--- Recorded information Enclosed Below ---

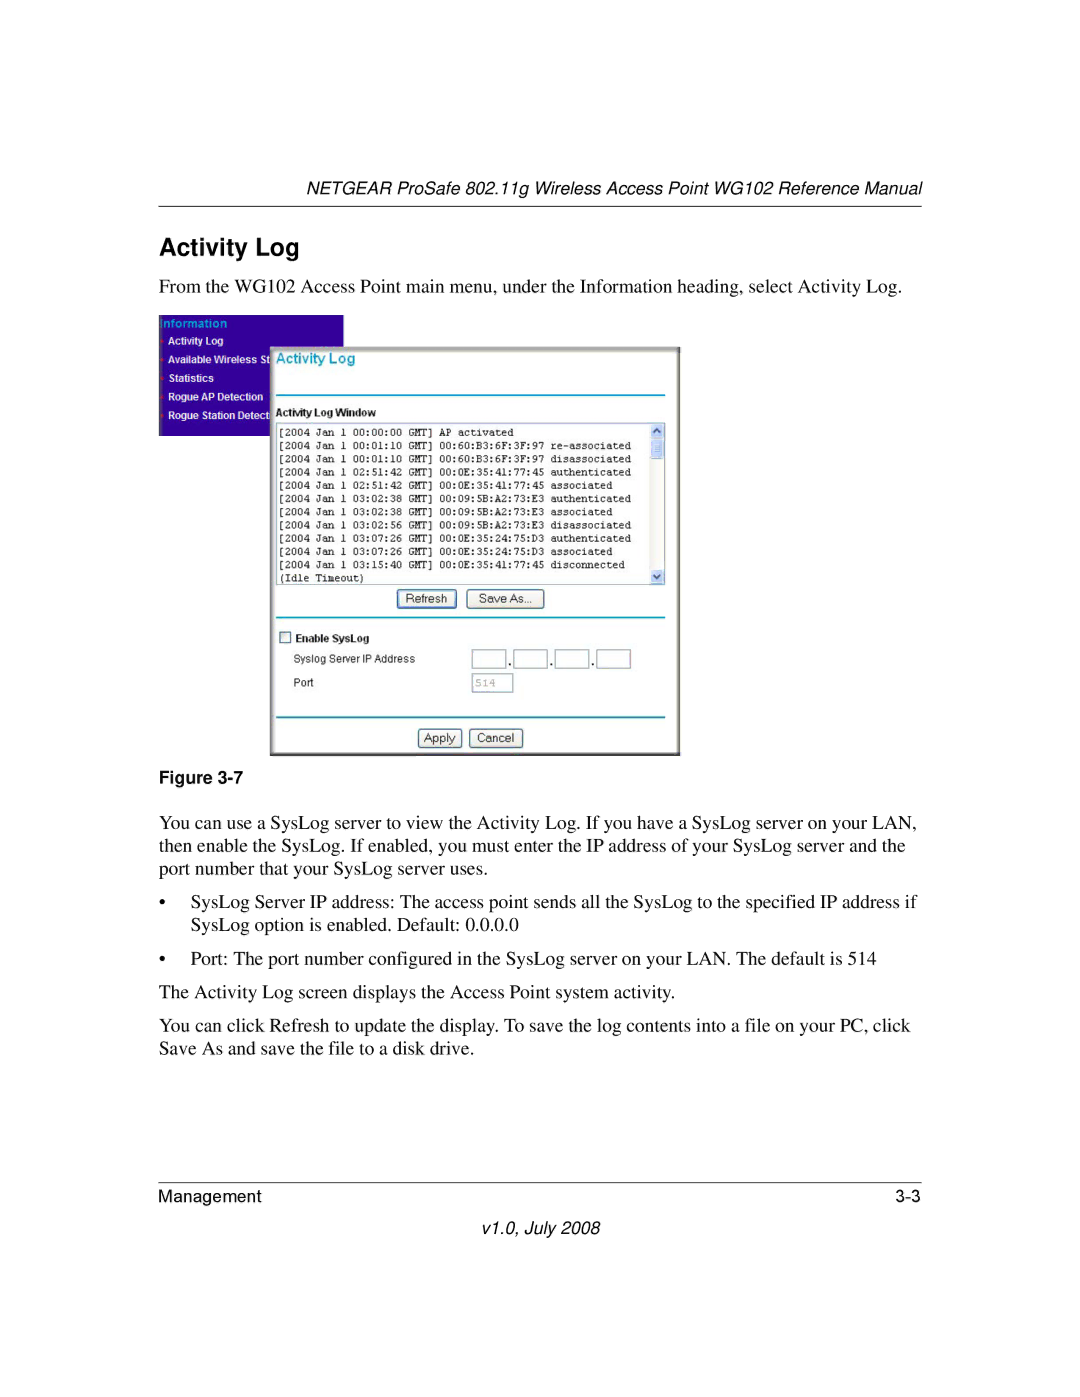 NETGEAR WG102NA manual Activity Log 
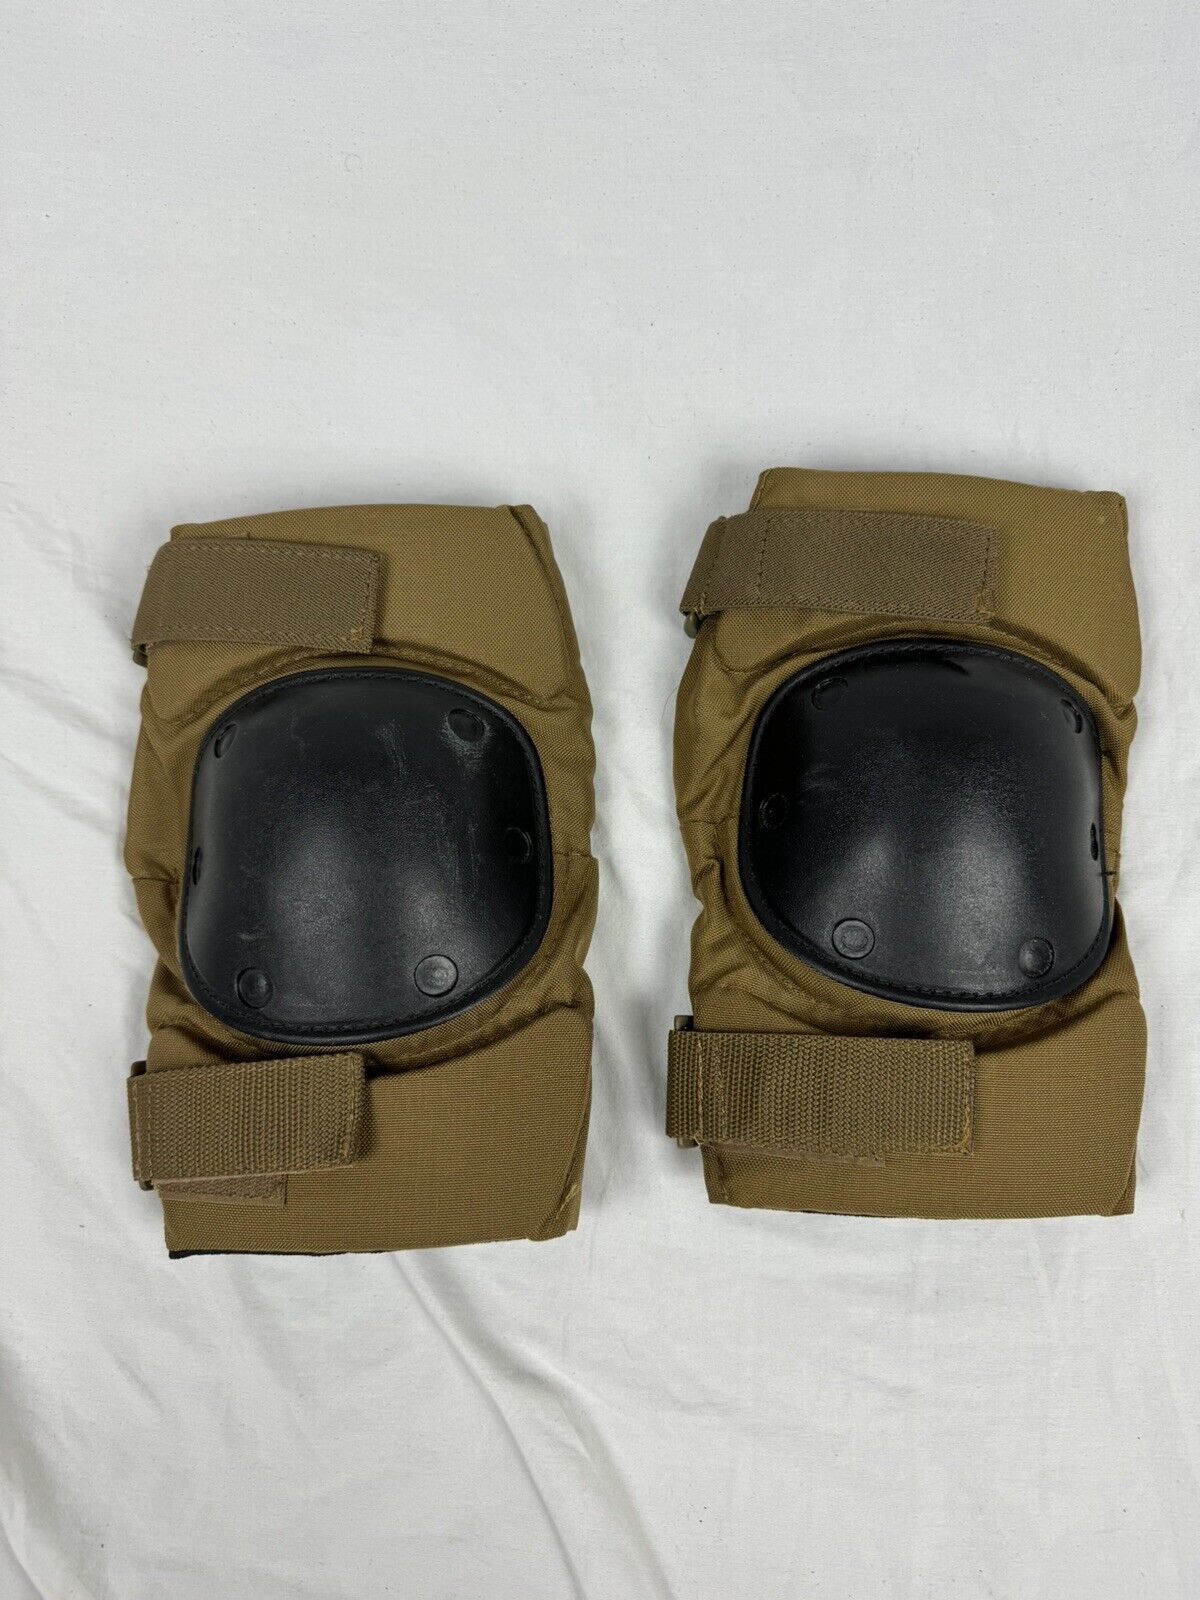 U.S. Military Army Knee Pads Coyote Brown/Black Size Medium (Lightly Used)
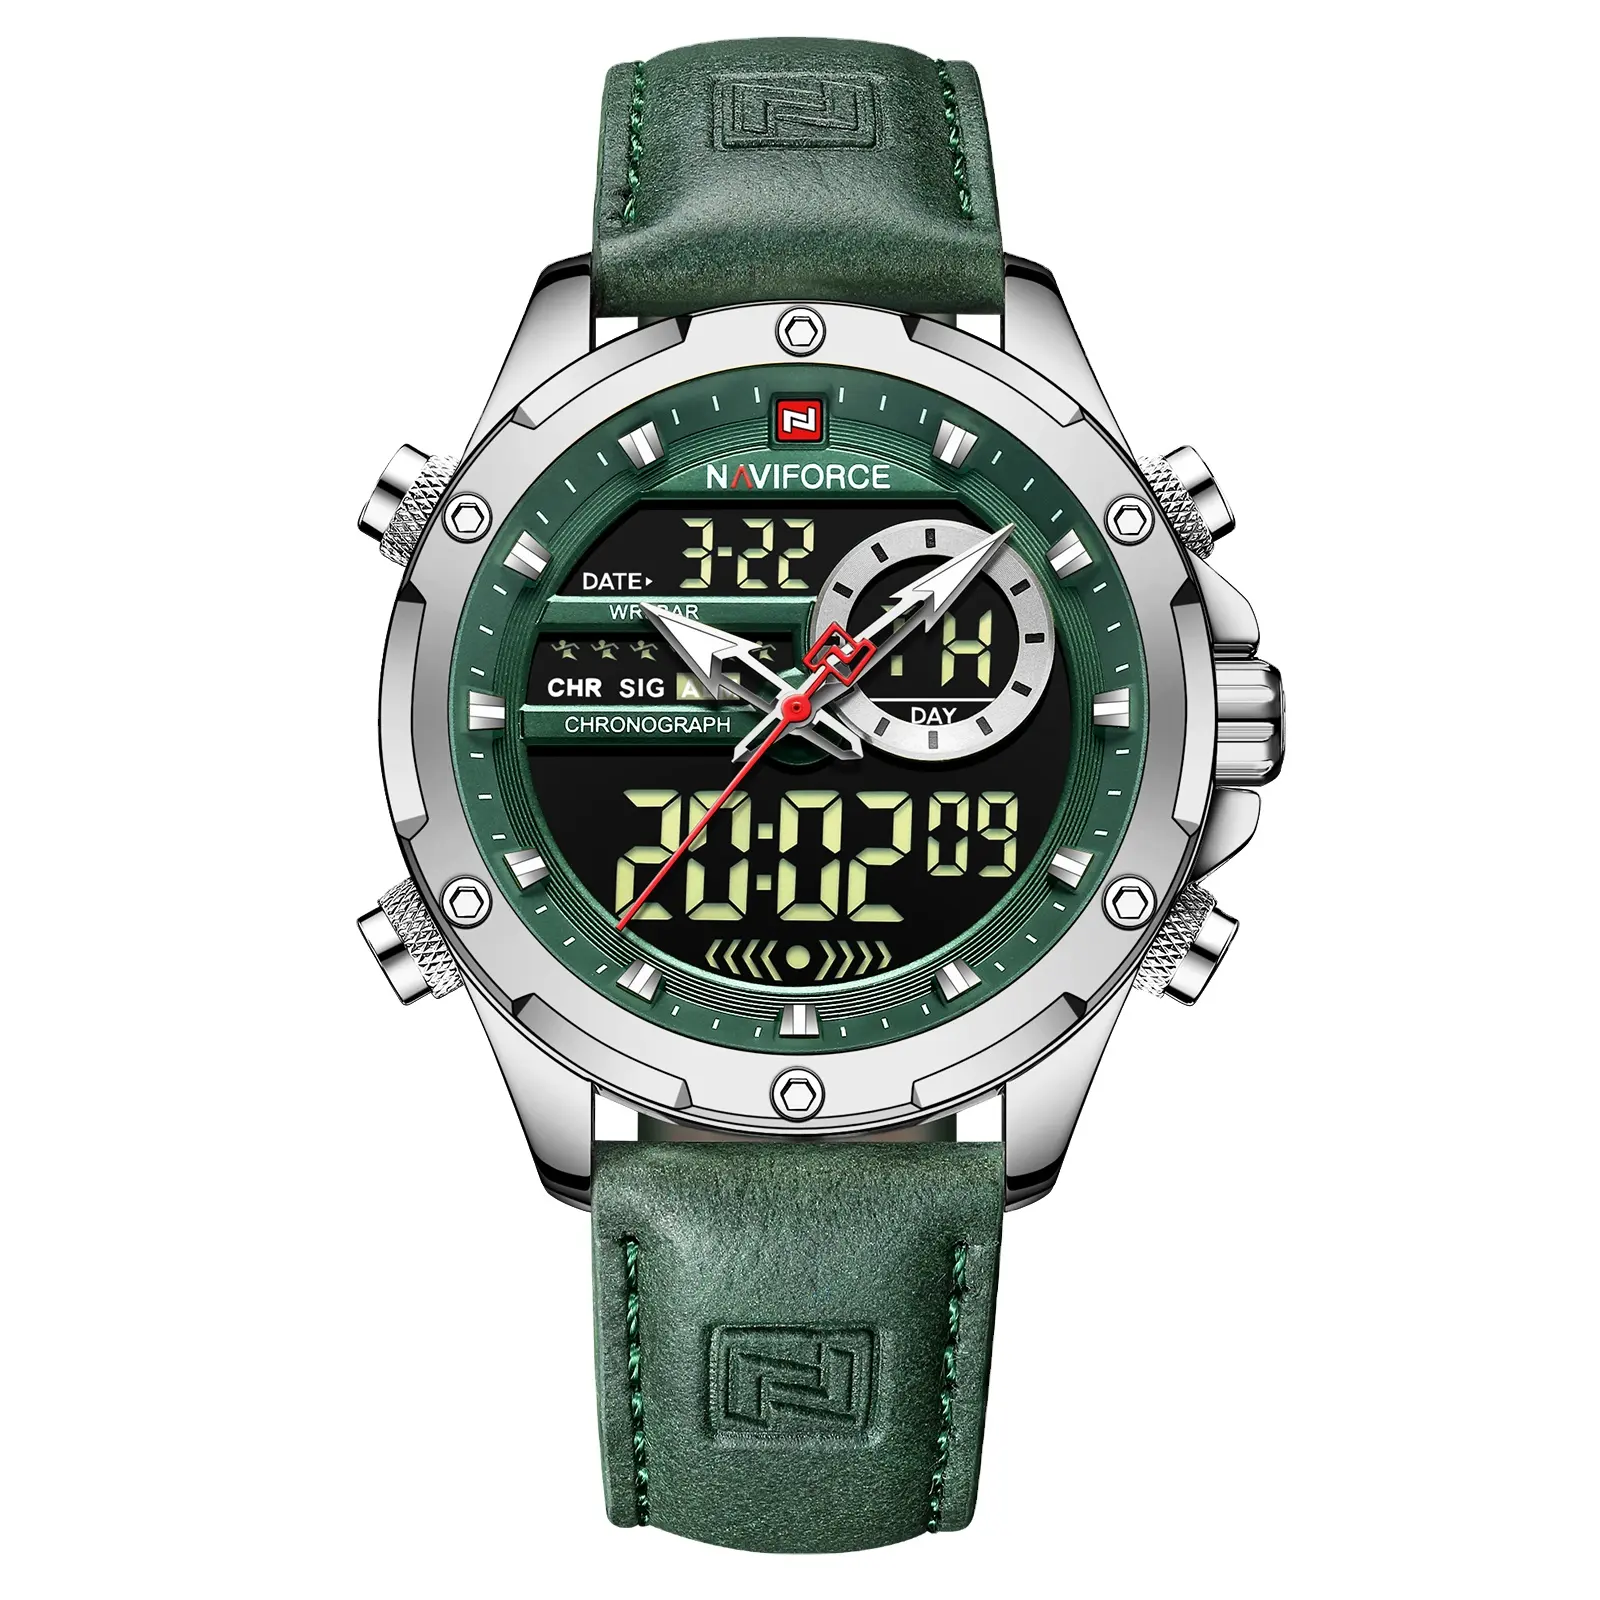 Original Brand NAVIFORCE 9208 LED Dual Display Chronograph Quartz Wrist Watch Casual Digital Sports Watches For Men
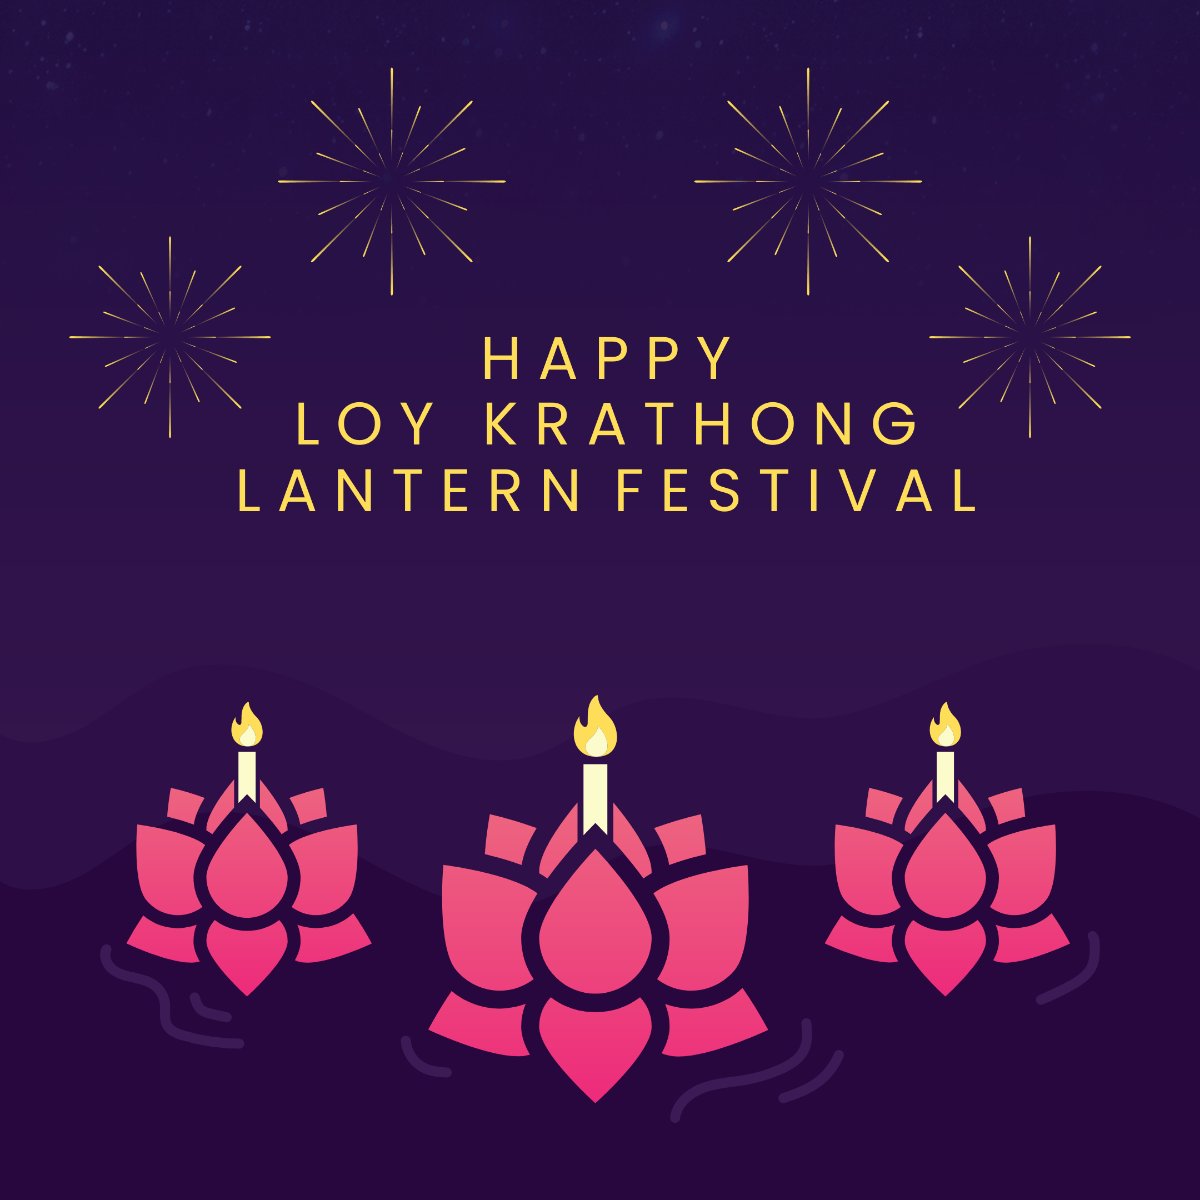 Loy Krathong Lantern Festival Instagram Post

--- End of Enclosed Recorded information ---

**What this task involves:**
Reprint the listing above verbatim but drop the images.

**Task output:**
 NETGEAR WG102NA manual Activity Log 
 U.S. Military Army Knee Pads Coyote Brown/Black Size Medium (Lightly Used)
 Original Brand NAVIFORCE 9208 LED Dual Display Chronograph Quartz Wrist Watch Casual Digital Sports Watches For Men
 Loy Krathong Lantern Festival Instagram Post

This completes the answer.